Exercise description | What you return should be only the lines in the entries below between the one holding "Stile di vita: Un" and the one holding "EL CONCEJO MUNICIPAL", ends included, with every picture left out.

Given data |
*** Begin section ***
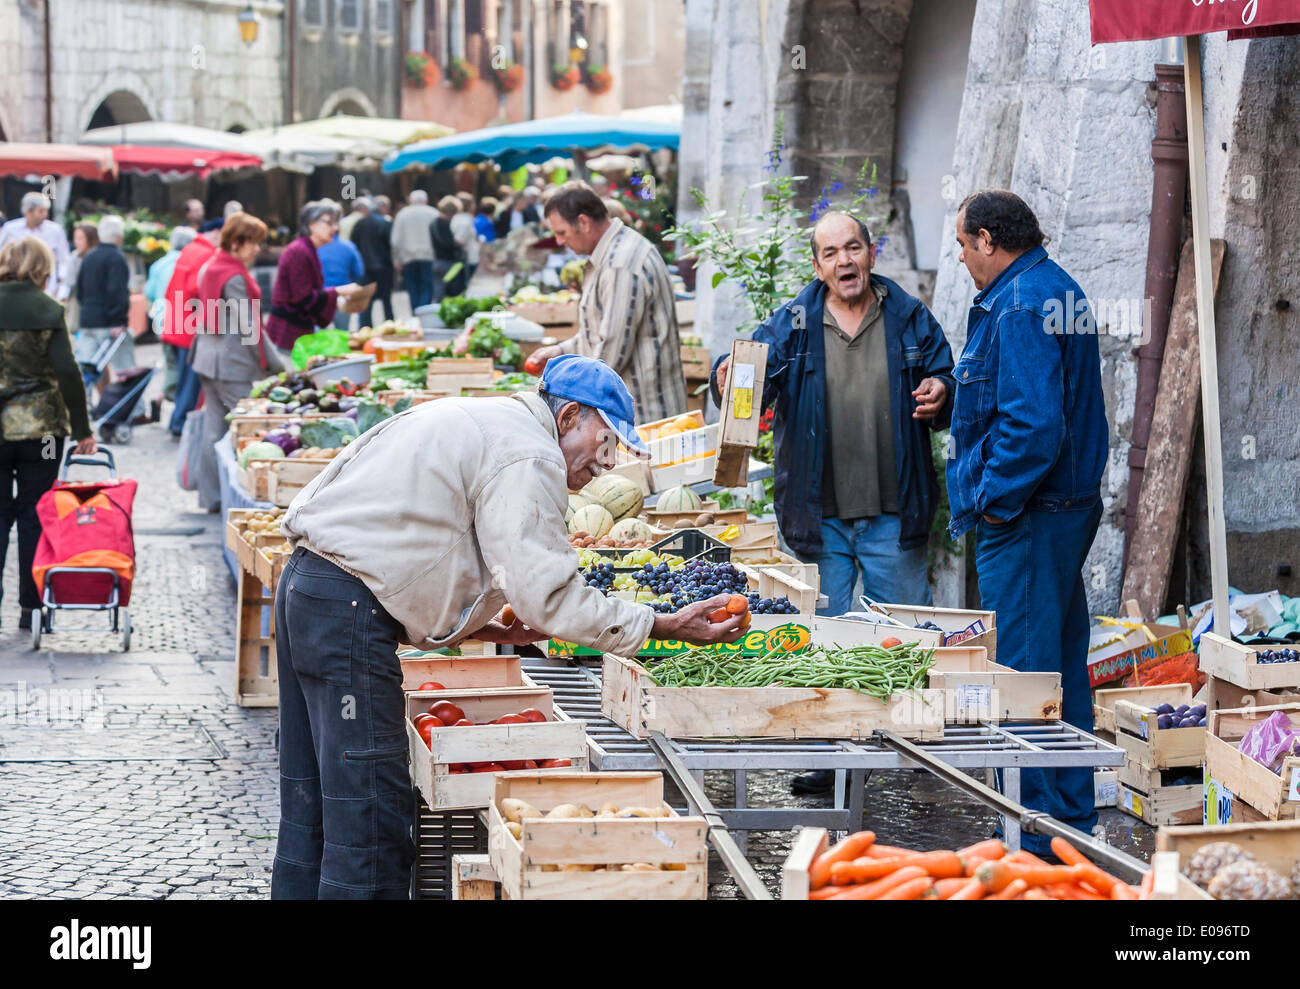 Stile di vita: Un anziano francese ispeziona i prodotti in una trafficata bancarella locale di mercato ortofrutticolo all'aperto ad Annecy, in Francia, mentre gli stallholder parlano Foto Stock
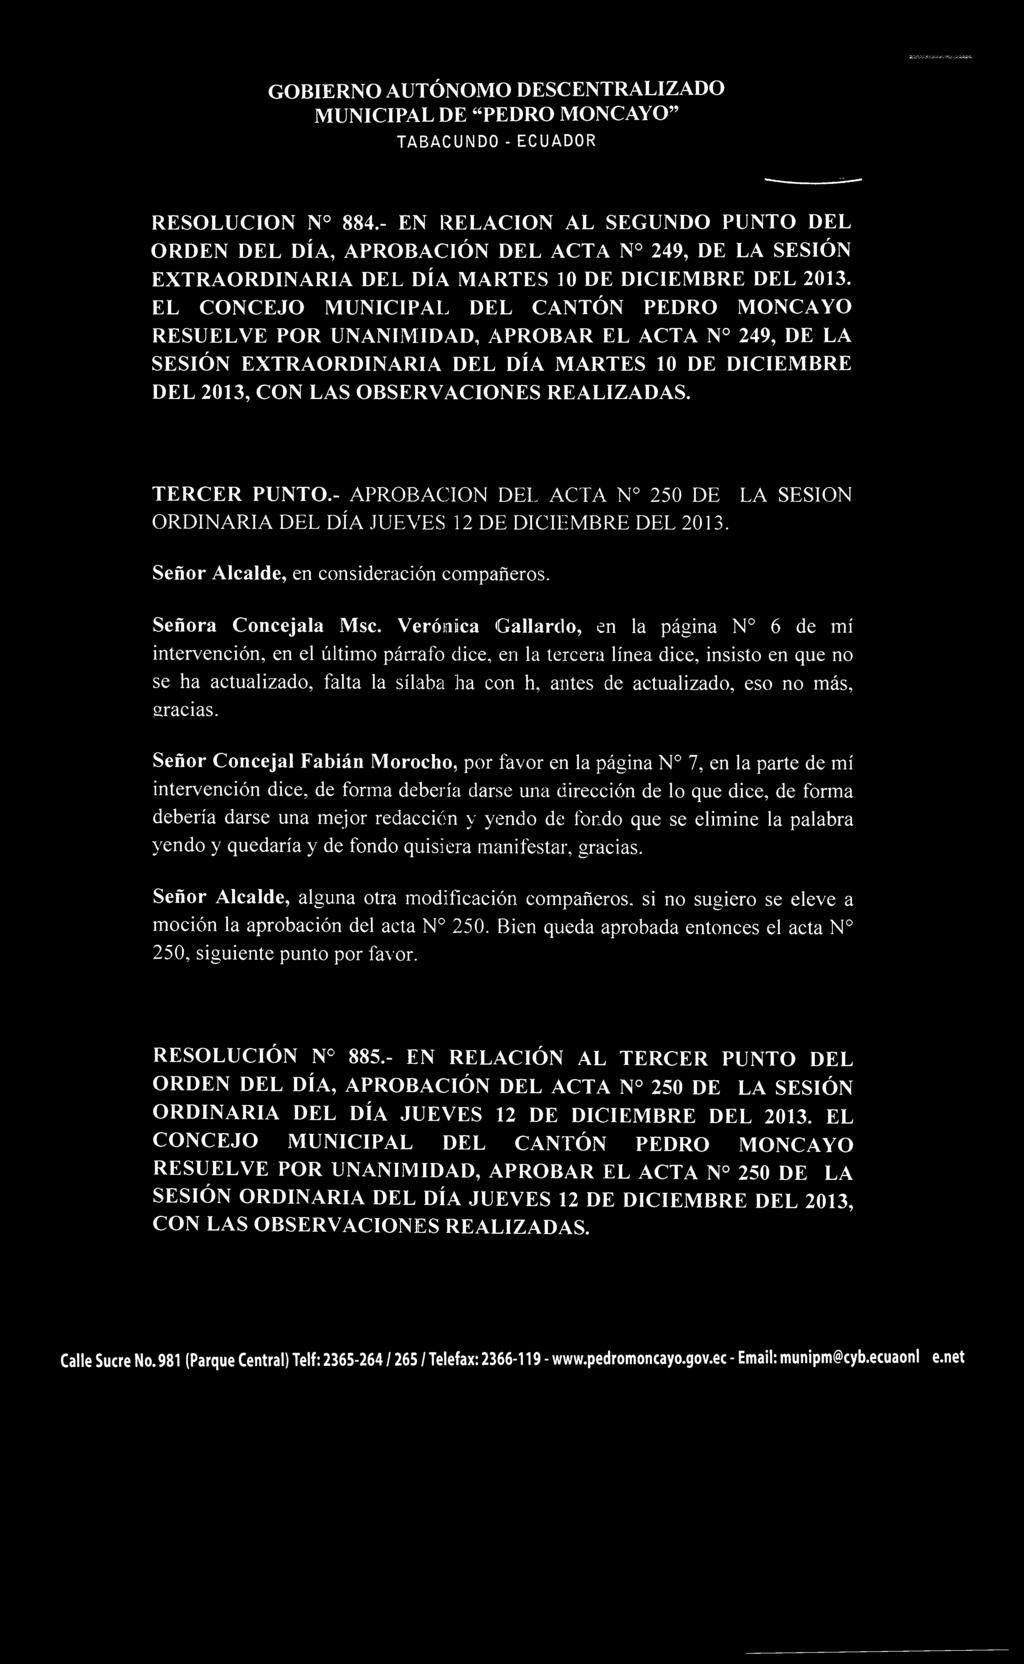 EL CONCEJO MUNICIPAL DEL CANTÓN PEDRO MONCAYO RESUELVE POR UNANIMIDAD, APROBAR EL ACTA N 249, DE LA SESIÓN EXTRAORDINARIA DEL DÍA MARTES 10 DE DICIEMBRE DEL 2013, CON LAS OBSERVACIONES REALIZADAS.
*** End section ***
*** Begin section ***
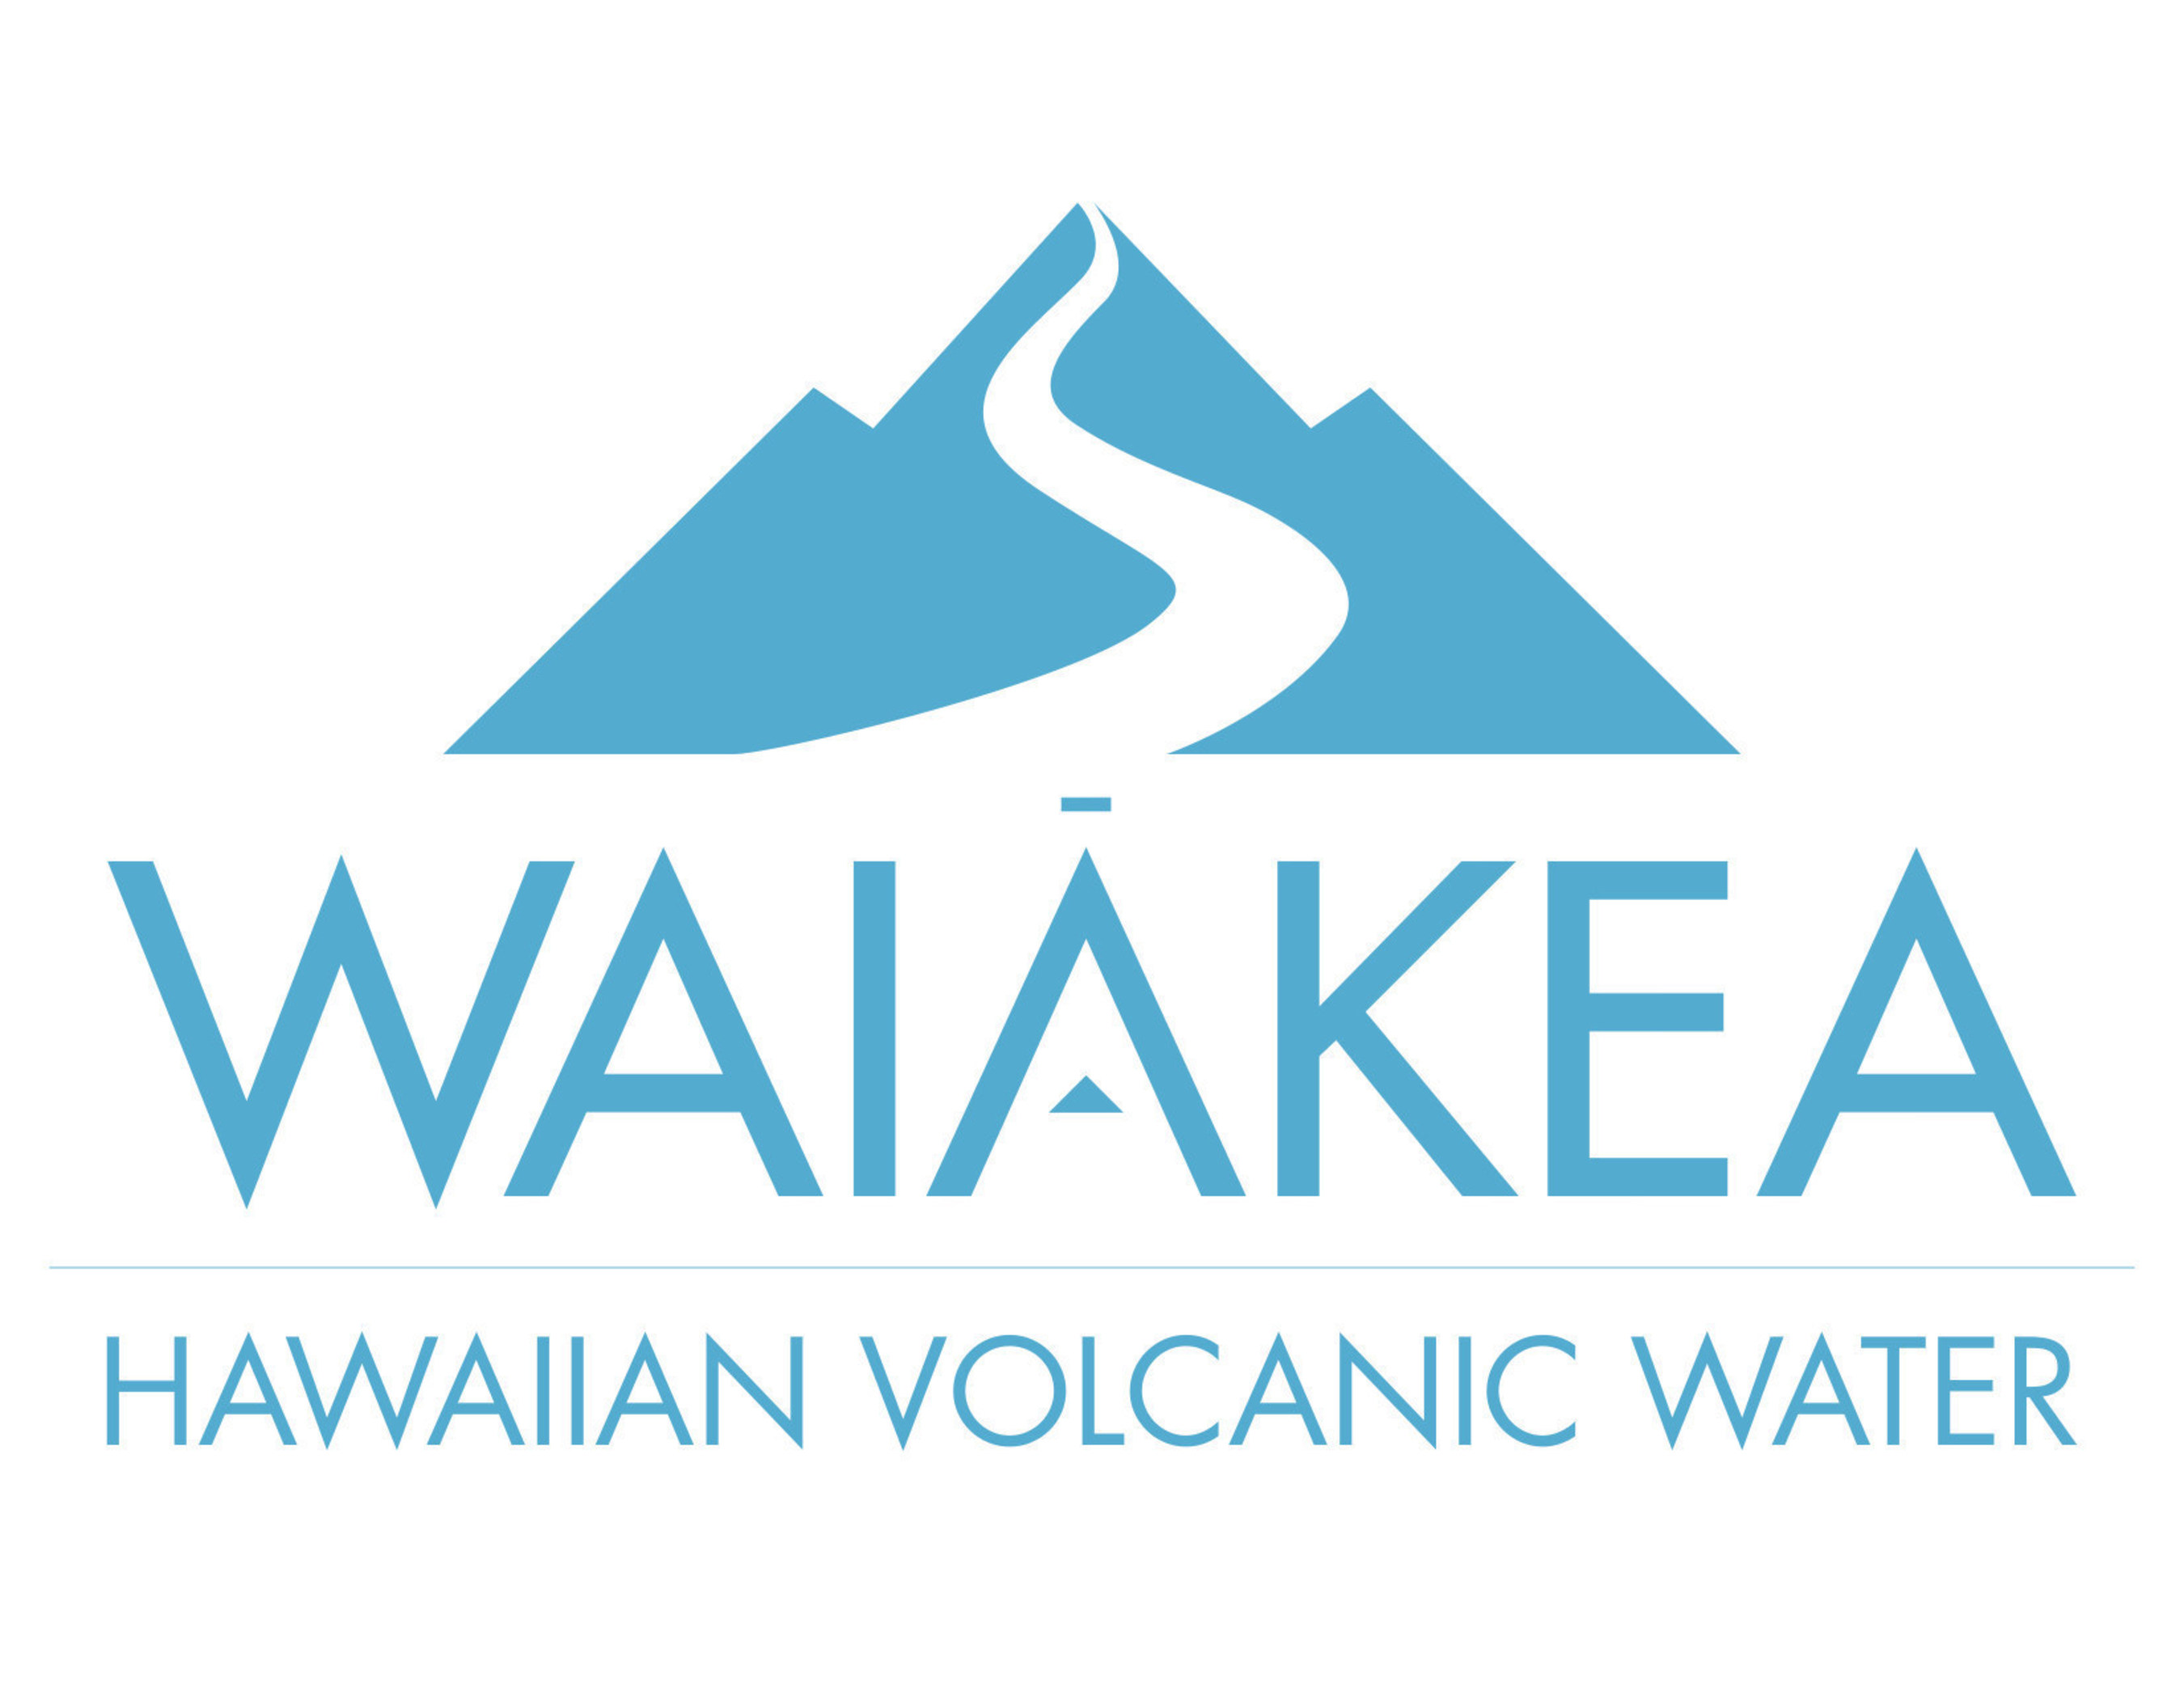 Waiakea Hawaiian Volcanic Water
*** End section ***
Completed task |
 Stile di vita: Un anziano francese ispeziona i prodotti in una trafficata bancarella locale di mercato ortofrutticolo all'aperto ad Annecy, in Francia, mentre gli stallholder parlano Foto Stock
 EL CONCEJO MUNICIPAL DEL CANTÓN PEDRO MONCAYO RESUELVE POR UNANIMIDAD, APROBAR EL ACTA N 249, DE LA SESIÓN EXTRAORDINARIA DEL DÍA MARTES 10 DE DICIEMBRE DEL 2013, CON LAS OBSERVACIONES REALIZADAS.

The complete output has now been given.